В Троках князь-язычник Кейстут гостеприимно принял крестоносца. Пировали допоздна. Выбрав подходящий момент, фон Либштейн ненароком и, разумеется, из дружеских соображений обмолвился о тайном перемирии Ягайло с Орденом.
– Ты что, белены объелся? Не может того быть! – в гневе воскликнул старый Кейстут, чуть не поперхнувшись, и так ударил кулаком по столу, что на нем подпрыгнула посуда. Хотя с некоторых пор он и сам подозревал неладное.
– Еще как может, куманек… Я сюда прямо из Мариенбурга, где и услышал обо всем.
– Все равно не верю! – уперся Кейстут.
Тут глаза гостя и хозяина встретились, и фон Либштейн вздохнул с напускным сожалением:
– Зря, клянусь в том Пресвятой Девой Марией и спасением своей души, но если сомневаешься, то убедись в том сам. Текст договора хранится в Вильно, в канцелярии твоего племянника. Теперь же извини, весь день в седле, глаза слипаются, а потому, с твоего позволения, отправлюсь почивать.
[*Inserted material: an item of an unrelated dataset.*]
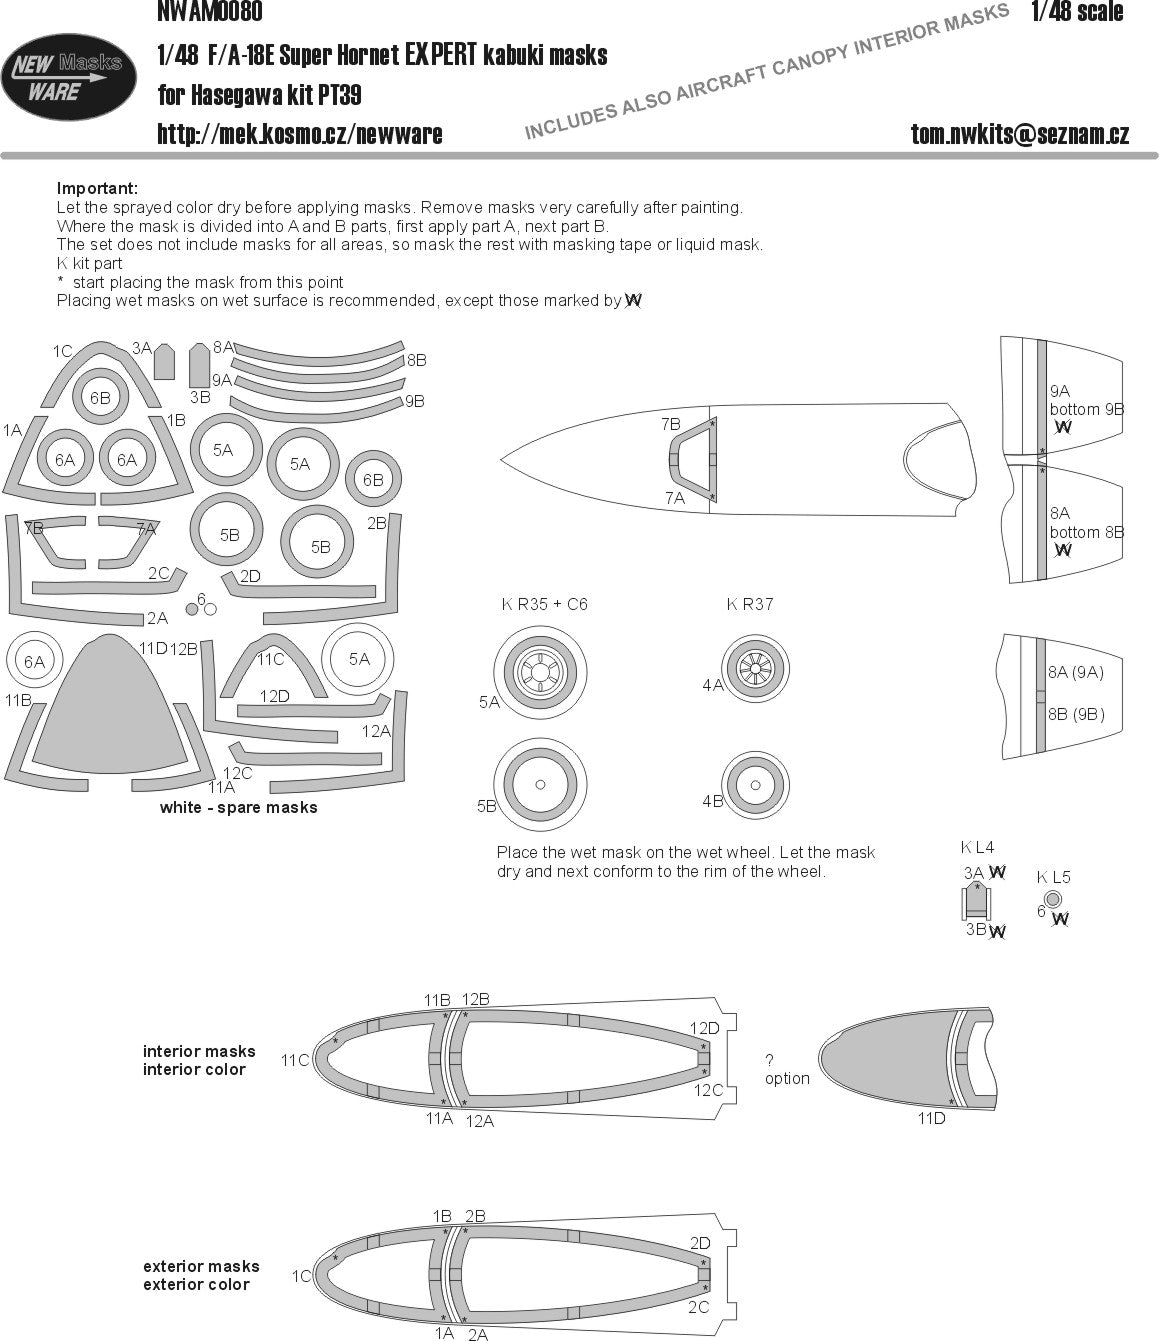 New Ware 0080 - Masking set for Hasegawa 1/48 F/A-18E  Super Hornet EXPERT

– Ступай. В бою вы, тевтоны, молодцы, но за столом никуда не годитесь. Вот и ты – еще молод, а перепить меня, старика, не способен, – подняв мутный взгляд, махнул рукой Кейстут.
– Пусть это станет самым тяжким моим грехом! – обернувшись в дверях, ответил командор и, распрямив спину, покинул пиршественную залу.
Оставшись один, князь еще долго сидел за столом и пил, словно на тризне, размышляя об услышанном, но затуманенная хмелем голова плохо соображала. Поняв, что перебрал, потер себе уши, но не помогло.
Наутро, ни свет ни заря, сославшись на дела, гость откланялся и ускакал в свой Остерродский замок.
Как ни трудно Кейстуту было поверить в услышанное, но уж слишком все сходилось одно к одному. «А пес его знает, моего племянничка, с него станется!» – в конце концов подумал он и вознамерился все проверить. В конце лета Ягайло выступал в поход. Оставалось лишь дождаться того…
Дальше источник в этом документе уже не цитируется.